MI performed poorly under Charter's administration. In 1979 it ranked second among all carriers for customer complaints per 100,000 passengers flown. In 1980, it was first. MI failed to file required reports with the CAB on time or at all. Operationally, MI incurred six civil penalties from the Federal Aviation Administration for violation of Federal Aviation Regulations. It also failed pay taxes. In October 1980, Frederick B. Ayer terminated the management agreement with Charter. The dispute between Ayer and Charter led to employees going without pay. The airline then went through a series of managers, including a former administrative assistant/reservation agent.

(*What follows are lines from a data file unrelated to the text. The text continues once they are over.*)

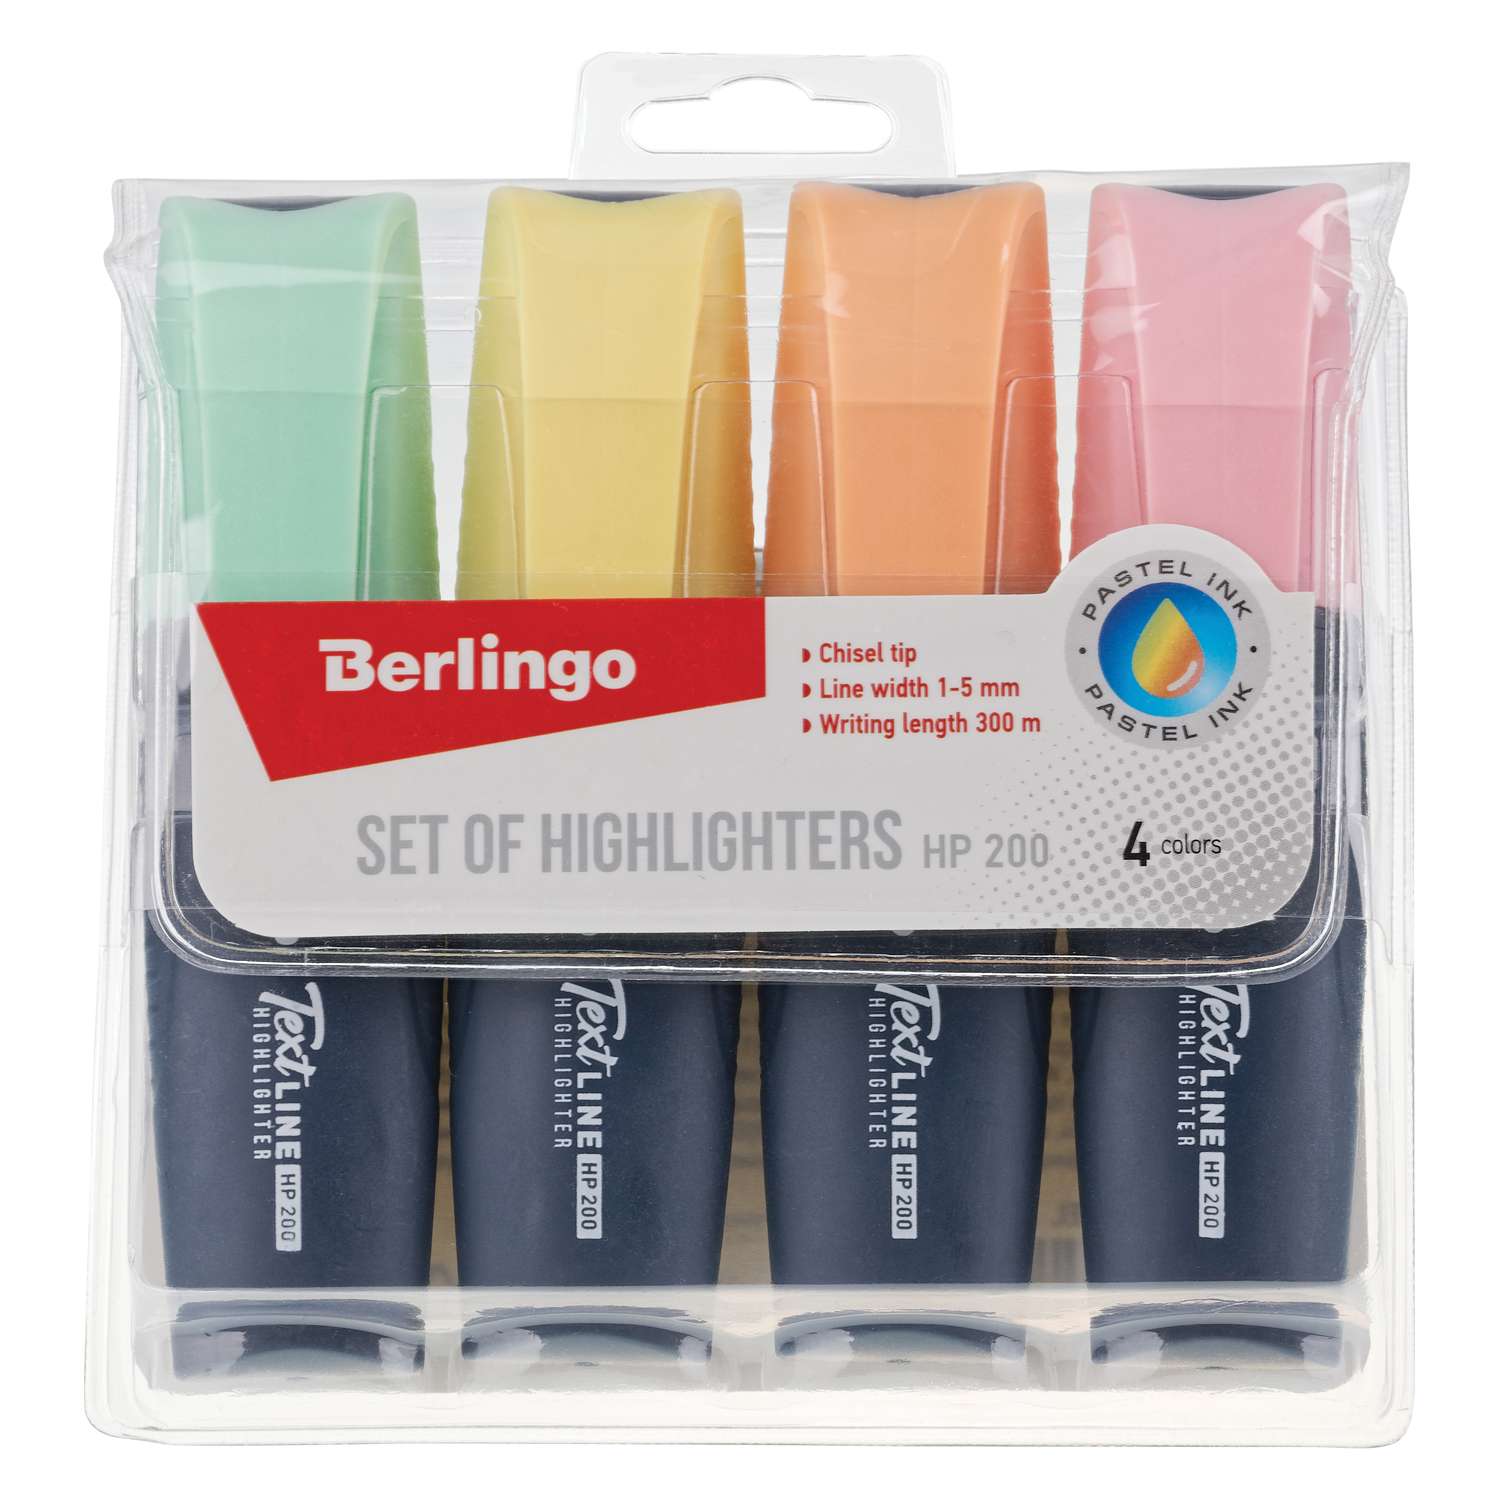 Набор текстовыделителей Berlingo Textline HP200 4 цвета пастельные 1-5мм - фото 1
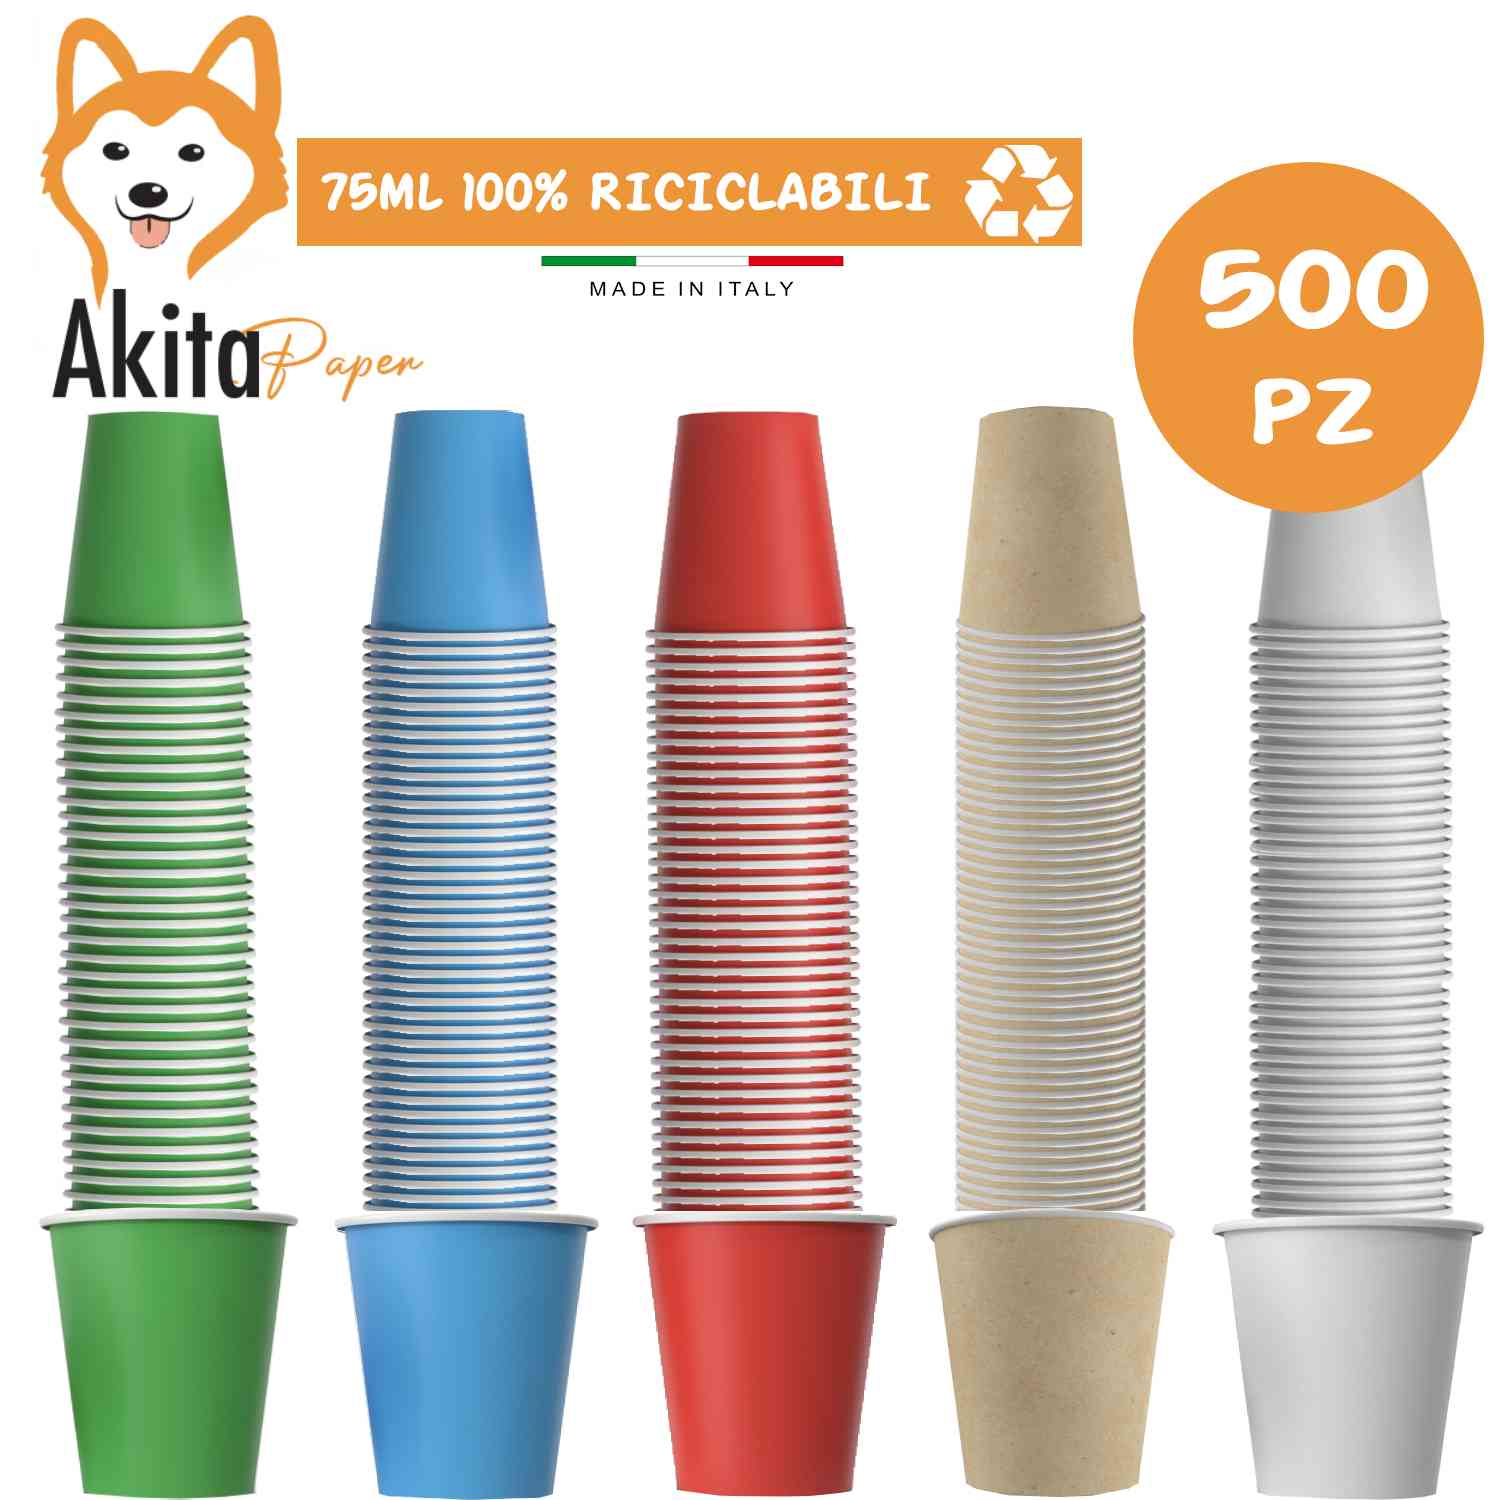 500 Bicchierini caffe' monouso di carta Biodegradabile e Compostabile da  75ml - Nonsoloinformatica
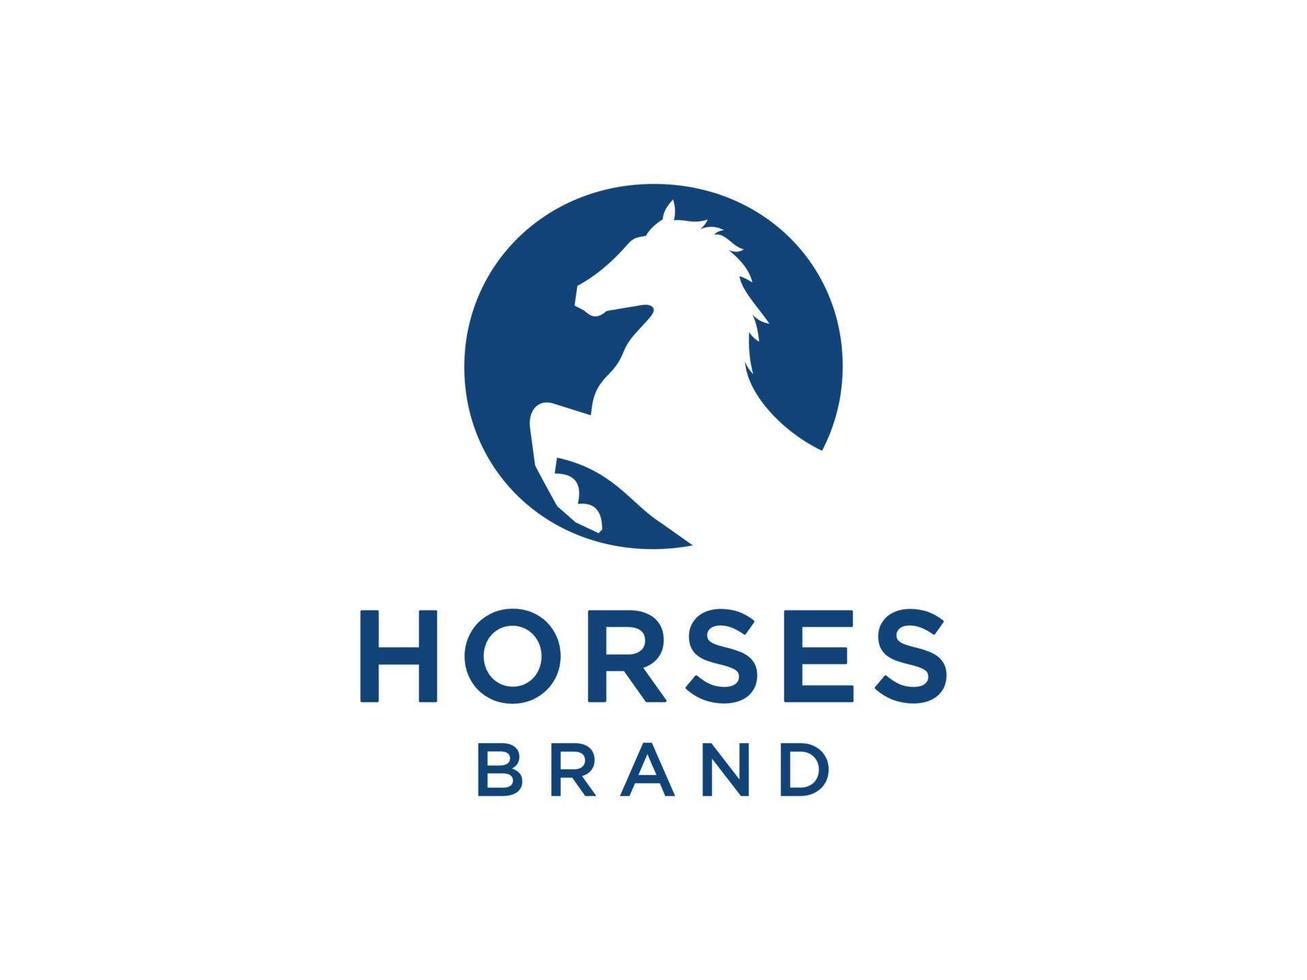 il design del logo con la lettera iniziale o è abbinato a un moderno e professionale simbolo della testa di cavallo vettore
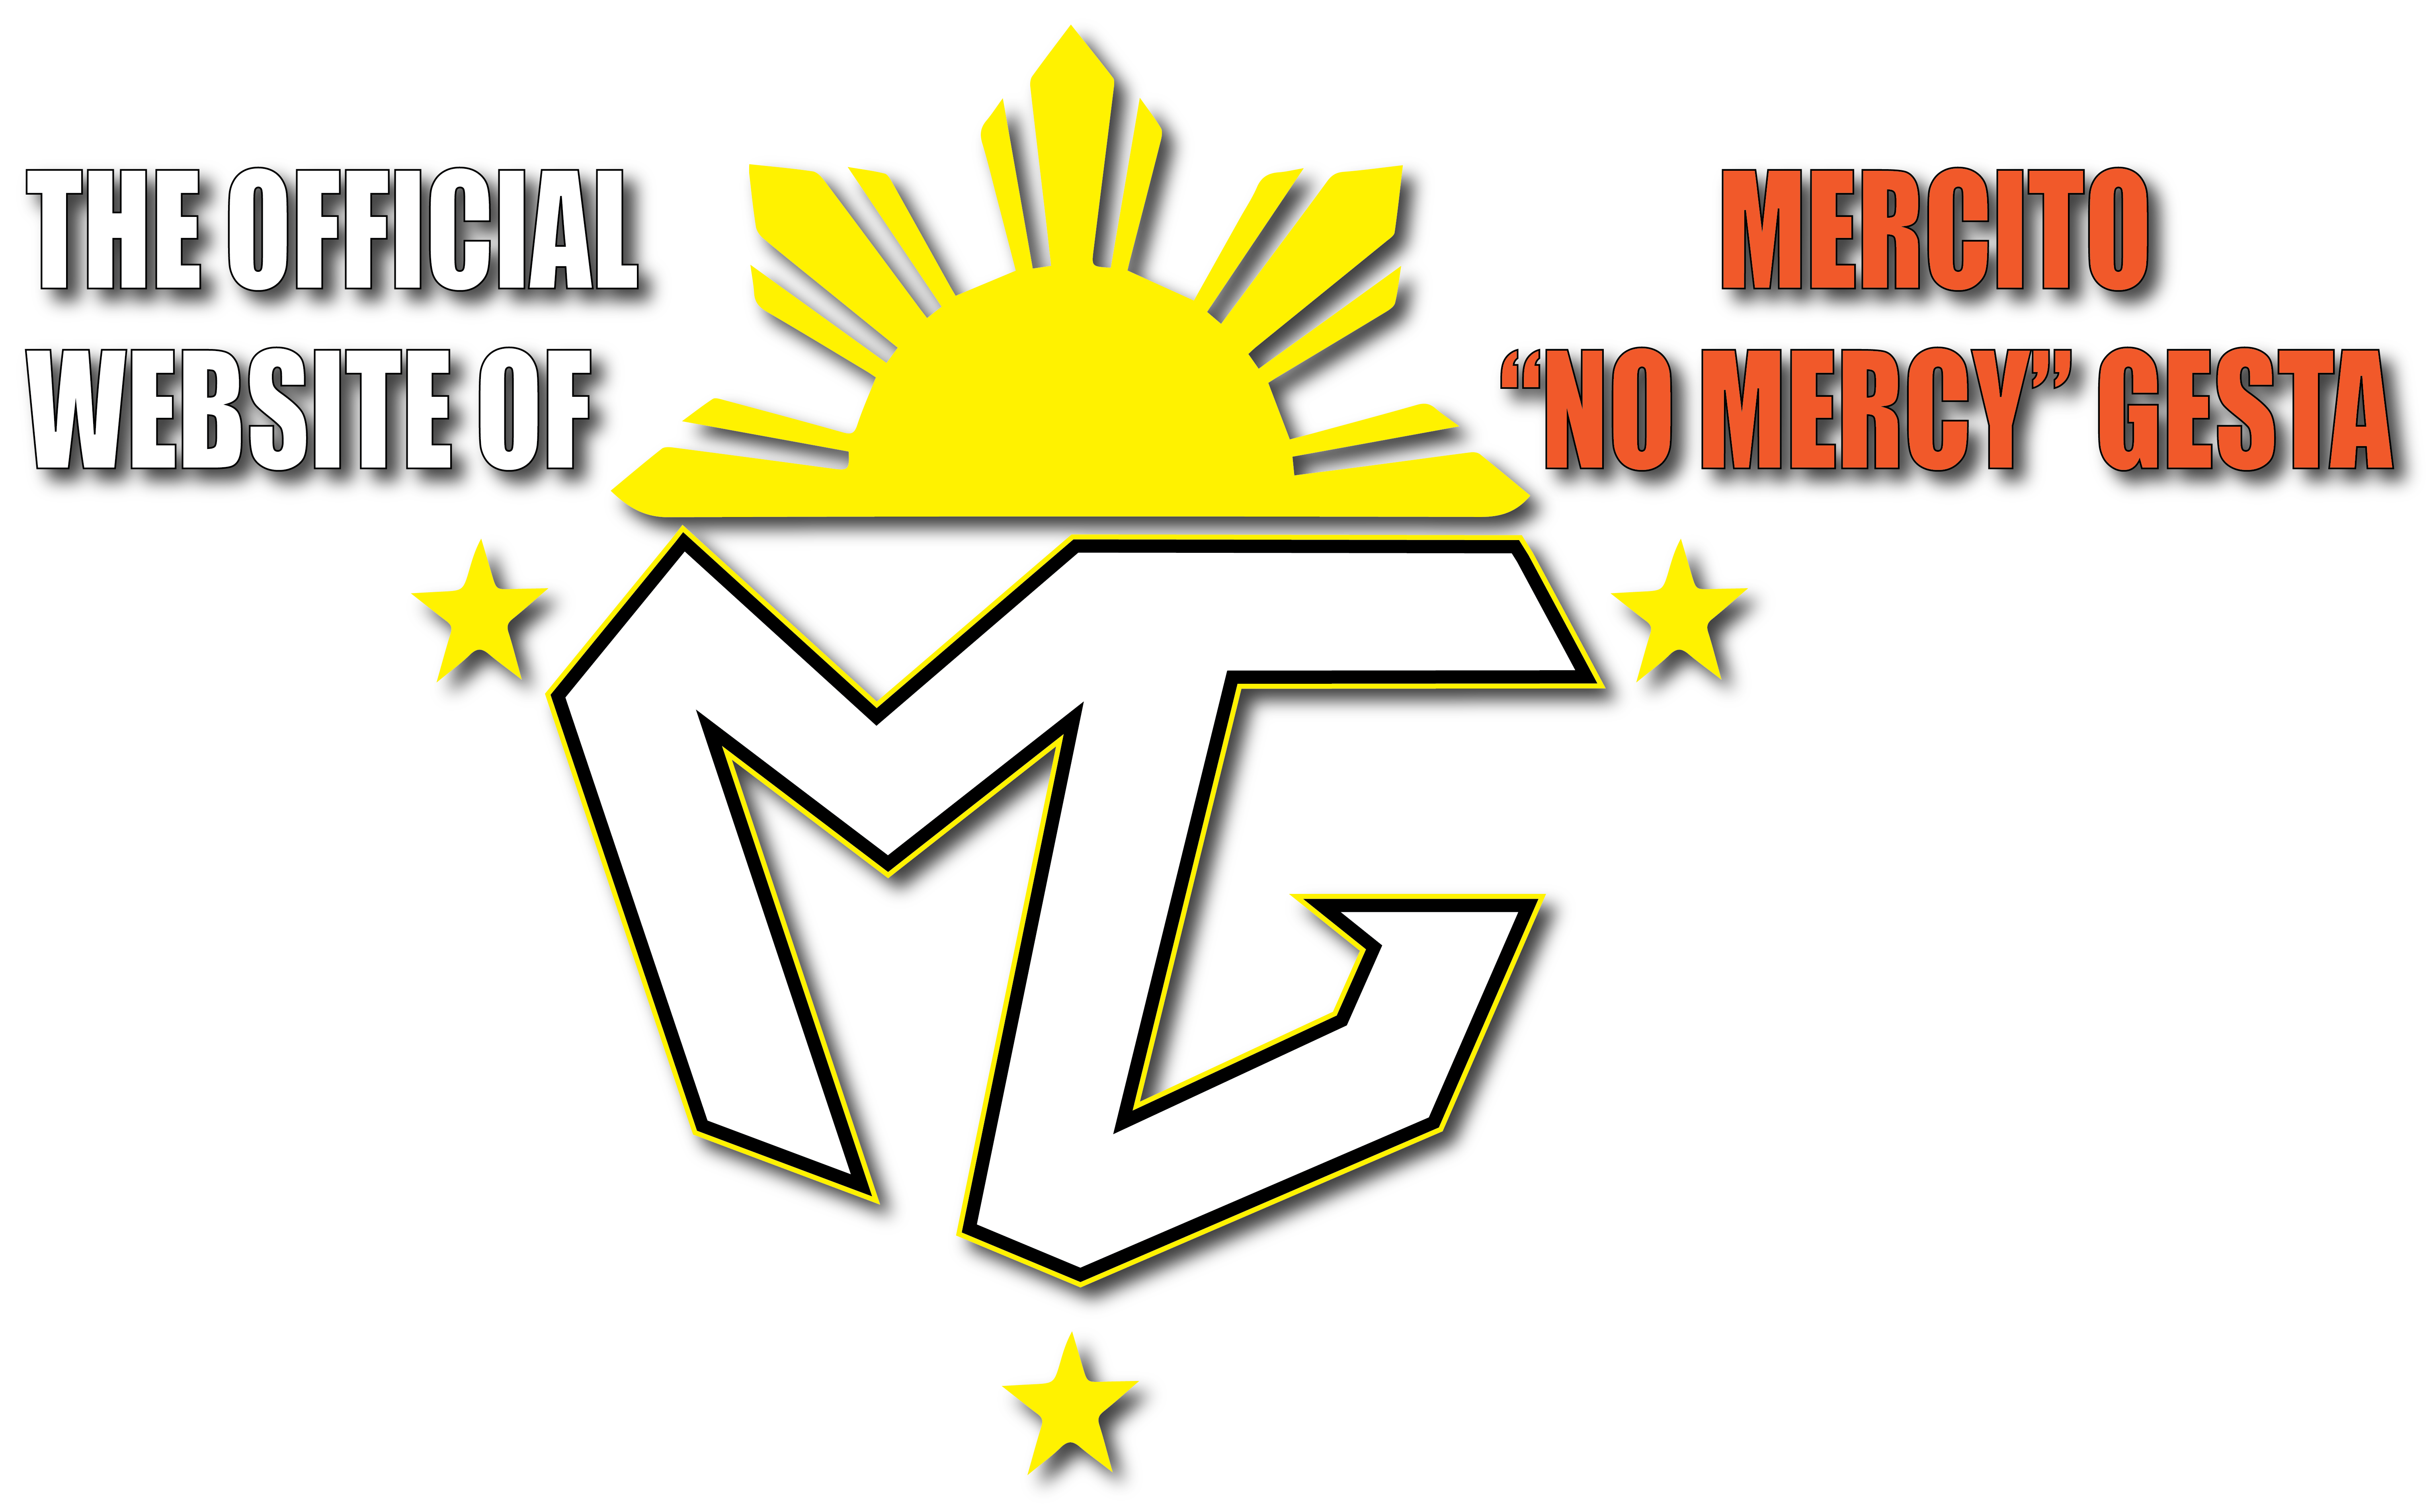 Mercito "No Mercy" Gesta

The airline turned in its Part 121 operational certificate at FAA request in January 1981, briefly acquiring a Part 135 commuter operational certificate later in the year under which it ran a Piper Navajo. In spring 1980, MI launched DC-8 service, flying to Las Vegas from Fort Lauderdale. The service was "quietly dropped" by summer and the carrier tried pivoting to charters. One such charter was in September when an MI DC-8 retrieved the body of former Nicaraguan dictator Anastasio Somoza, assassinated in exile in Paraguay, to be buried in Miami.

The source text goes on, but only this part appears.